Requirement: All lines from the one containing "THE ADMINISTRATION OF" through the final line of the listing below, and no others, must be returned exactly; no pictures belong in the copy.
___ Data provided
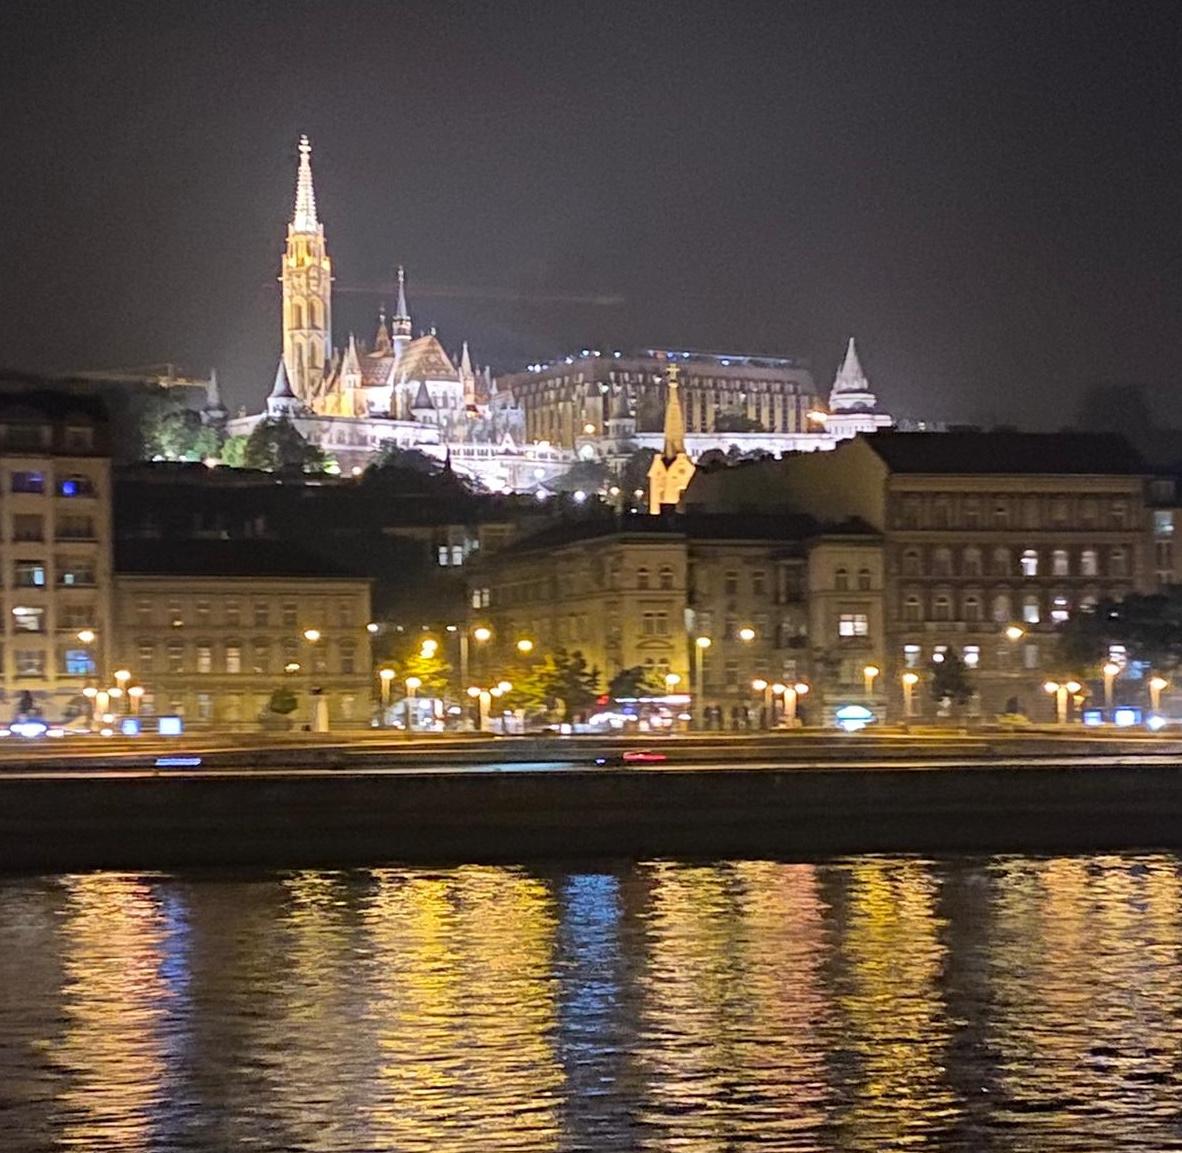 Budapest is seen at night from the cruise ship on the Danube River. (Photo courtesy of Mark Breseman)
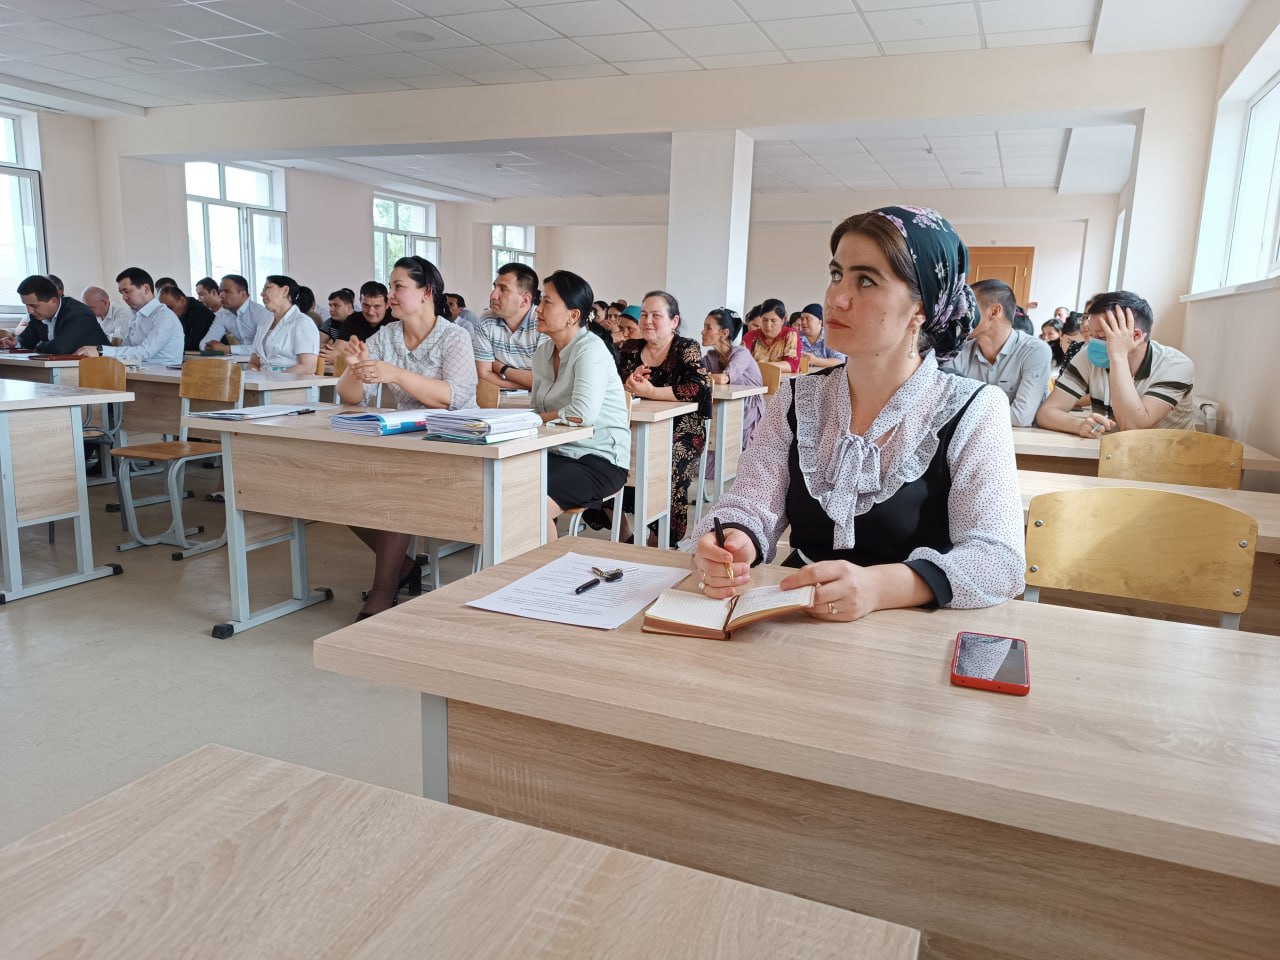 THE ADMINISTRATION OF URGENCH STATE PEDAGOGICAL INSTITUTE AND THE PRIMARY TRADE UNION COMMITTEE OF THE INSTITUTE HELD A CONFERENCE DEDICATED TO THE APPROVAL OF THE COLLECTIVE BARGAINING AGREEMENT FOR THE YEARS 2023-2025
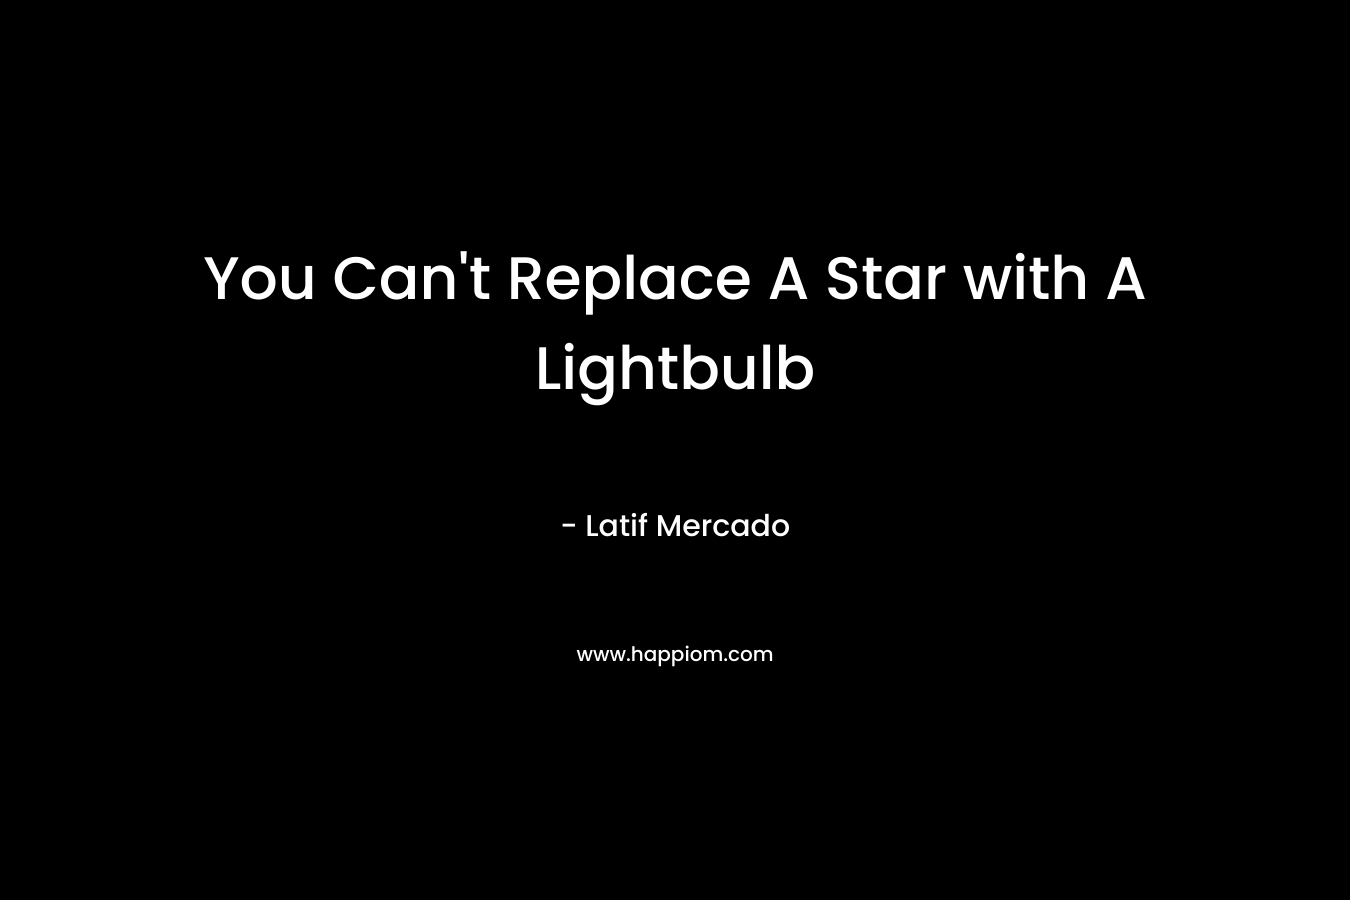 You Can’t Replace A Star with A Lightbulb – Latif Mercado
______
Answer section:
 THE ADMINISTRATION OF URGENCH STATE PEDAGOGICAL INSTITUTE AND THE PRIMARY TRADE UNION COMMITTEE OF THE INSTITUTE HELD A CONFERENCE DEDICATED TO THE APPROVAL OF THE COLLECTIVE BARGAINING AGREEMENT FOR THE YEARS 2023-2025
 You Can’t Replace A Star with A Lightbulb – Latif Mercado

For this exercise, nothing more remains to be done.